So, the difference in regions is probably the cause of the failures.

tzach commented 1 year ago

So, restore only works in the same region, and there is a procedure to restore to a different region? This is acceptable, but it needs to be explicitly documented.

Michal-Leszczynski commented 1 year ago

Restoring tables has a requirement of having identical schema as in the backup. The dcs are also a part of the keyspace schema. So the fact that that restore does not work when you try to restore data into empty dc seems logical.

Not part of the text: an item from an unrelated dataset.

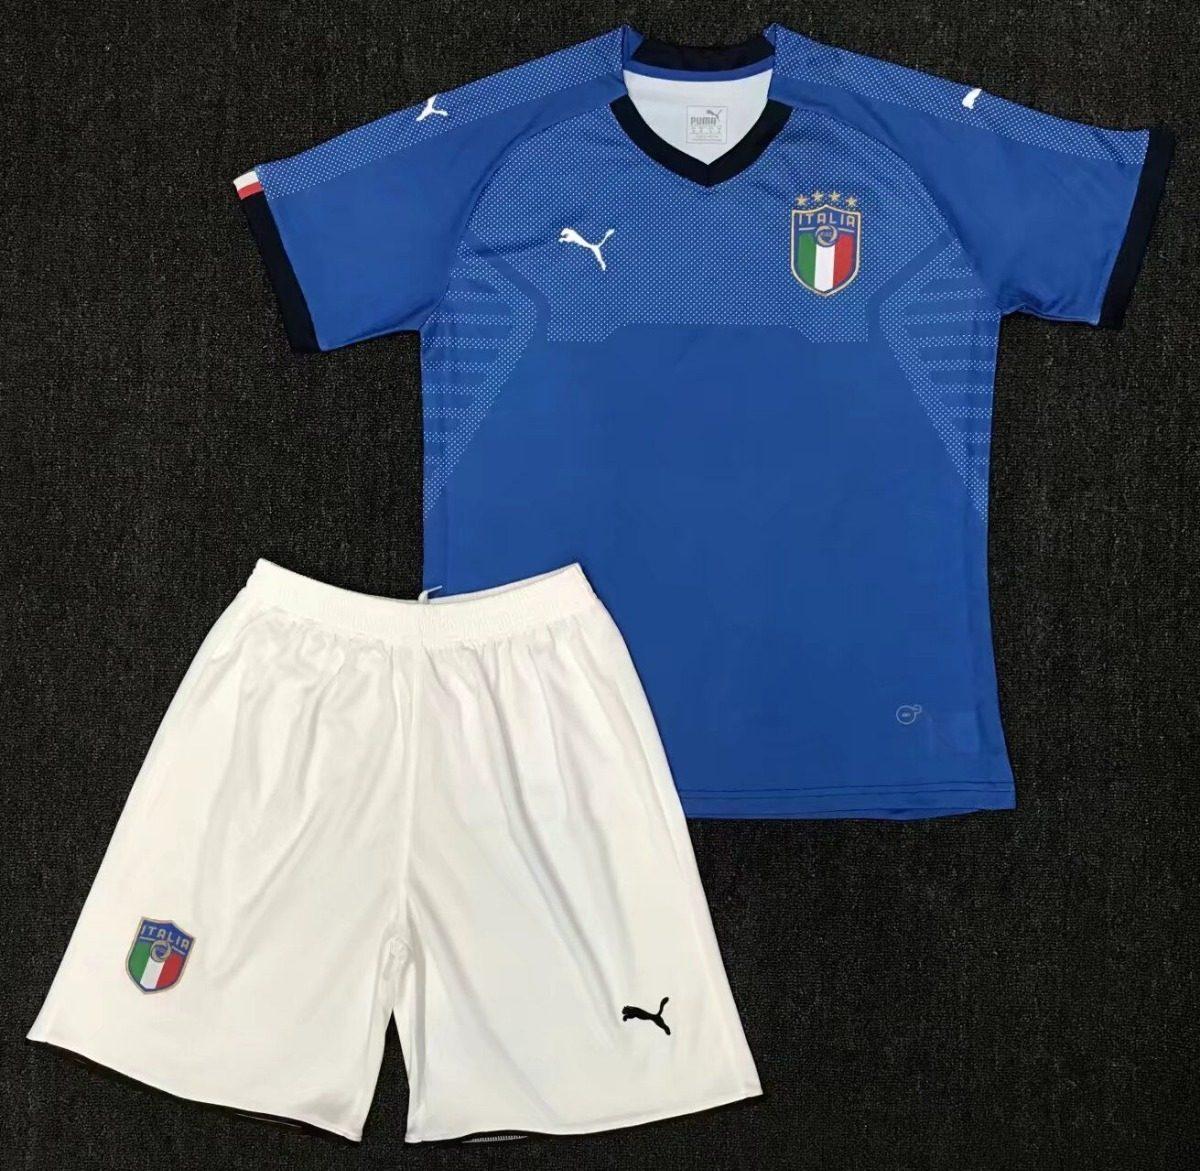 Uniforme Infantil Camisa E Shorts Criança Seleção Itália - R  149 8bb87a1b7e87d

The strange part here is that load&stream does not complain when it has to upload sstables to nodes from empty dc (we can add manual checks for that in SM). I would suspect, that in this scenario uploaded sstables should be lost, as they don't belong to any node in the cluster, but maybe L&S still stores it somewhere, even though it's impossible to query the data because of the "unavailable replicas" error.

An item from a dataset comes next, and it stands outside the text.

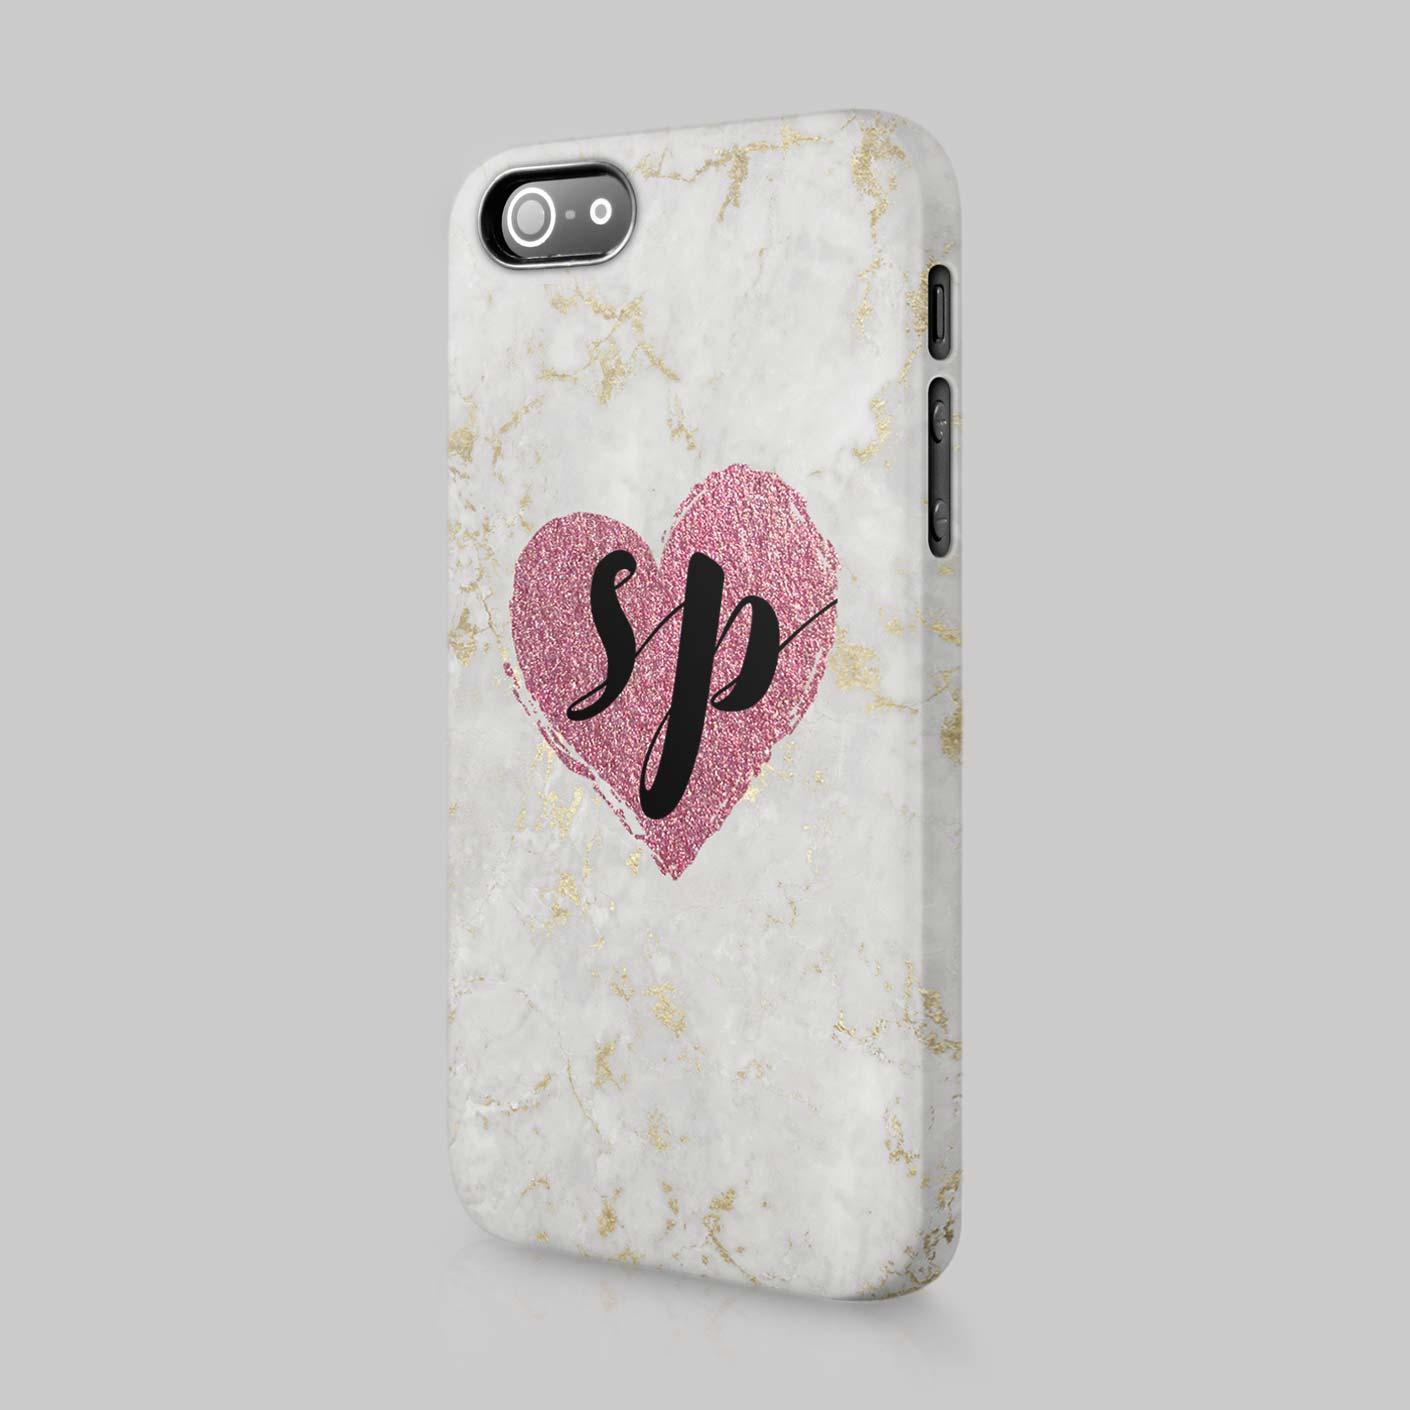 Personalised Iphone  Case Initials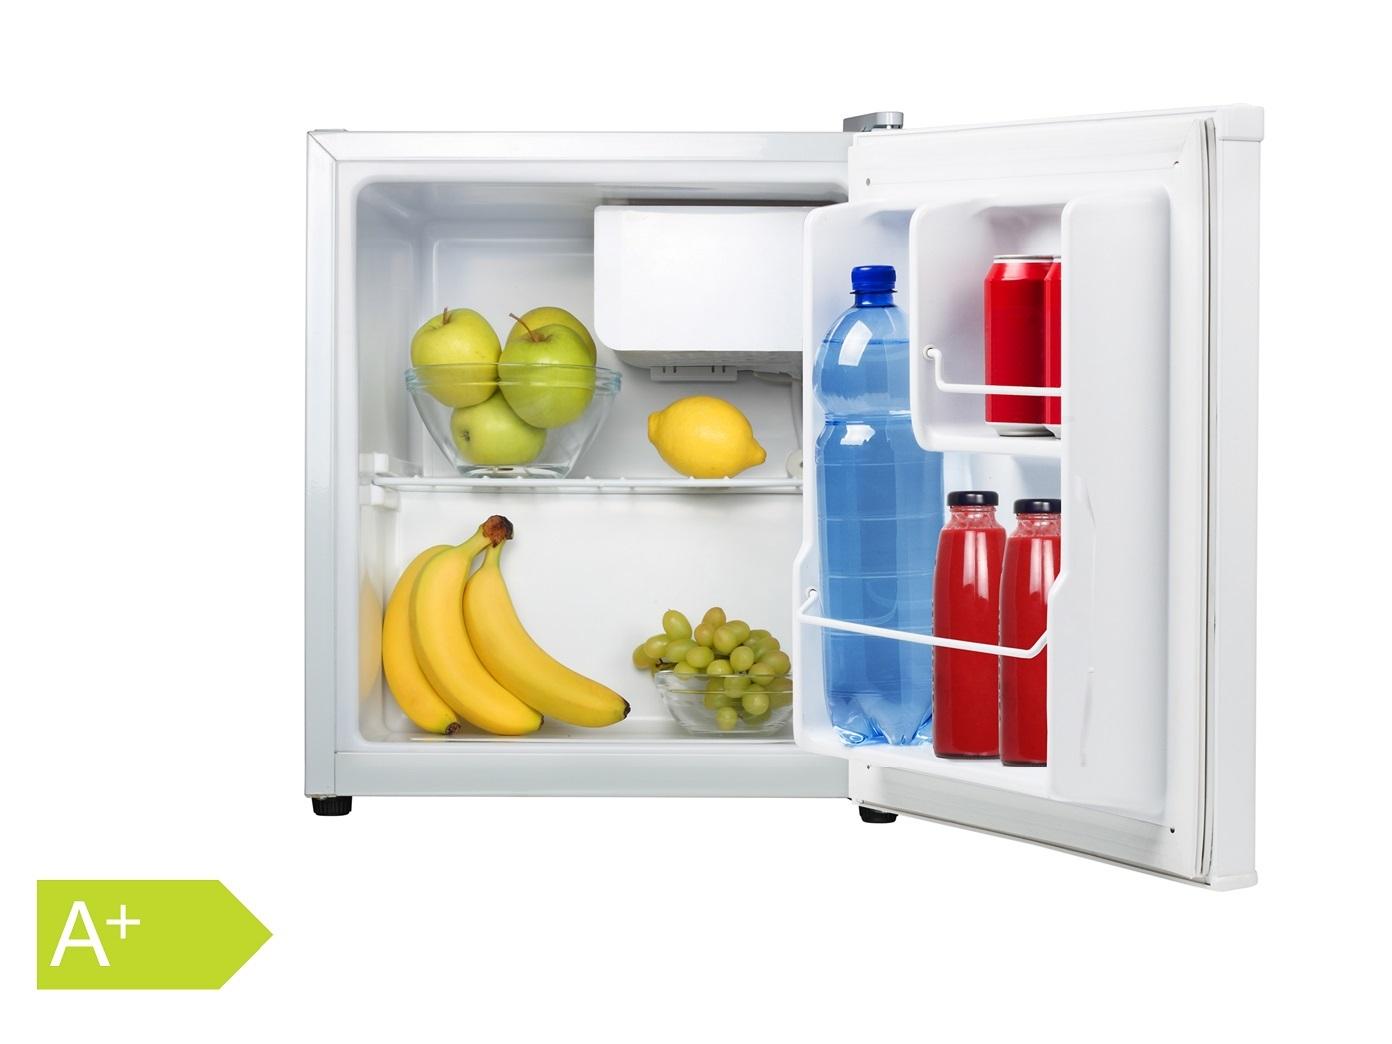 Red Bull Mini Kühlschrank Neu Kaufen : Kleiner kühlschrank kaufen kühlschränke gefrierschränke günstig

In your example you said that you used nodetool refresh for uploading sstables, but did you use it with the -las option? I'm curious if a work around in this case should look like:

Michal-Leszczynski commented 1 year ago

But at least we know that this issue is not a regression and that IMHO restore works as described in the docs.

ShlomiBalalis commented 1 year ago

Restoring tables has a requirement of having identical schema as in the backup. The dcs are also a part of the keyspace schema. So the fact that that restore does not work when you try to restore data into empty dc seems logical.

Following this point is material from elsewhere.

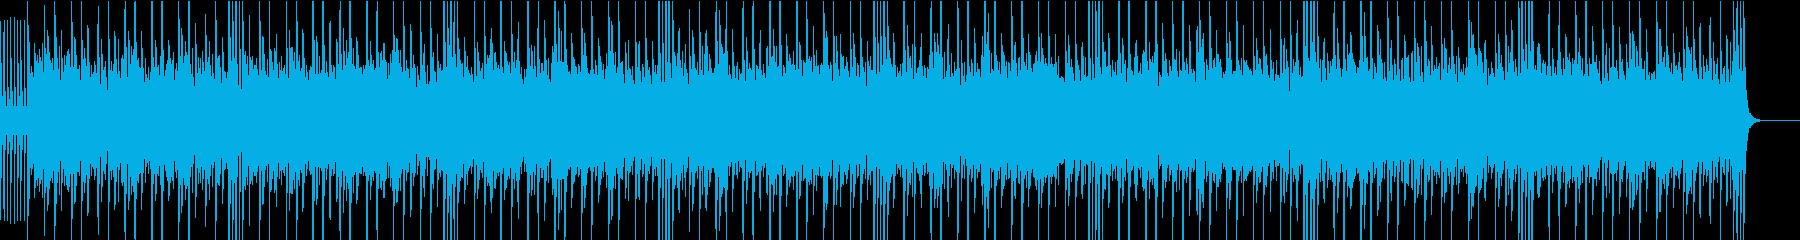 サイファービート5の再生済みの波形

The strange part here is that load&stream does not complain when it has to upload sstables to nodes from empty dc (we can add manual checks for that in SM). I would suspect, that in this scenario uploaded sstables should be lost, as they don't belong to any node in the cluster, but maybe L&S still stores it somewhere, even though it's impossible to query the data because of the "unavailable replicas" error.

In your example you said that you used nodetool refresh for uploading sstables, but did you use it with the -las option?

Nope. a simple nodetool refresh -- 5gb_sizetiered_2022_1 standard1

I'm curious if a work around in this case should look like:

* restore schema

* (change replication of keyspace with non-existing dc - but do we have a guarantee that the restore tables will work when using different keyspace schema?)

* restore tables

* (or maybe here is the right place for changing keyspace replication - perhaps uploaded data is still stored somewhere in the cluster and now it is safe to alter keyspace)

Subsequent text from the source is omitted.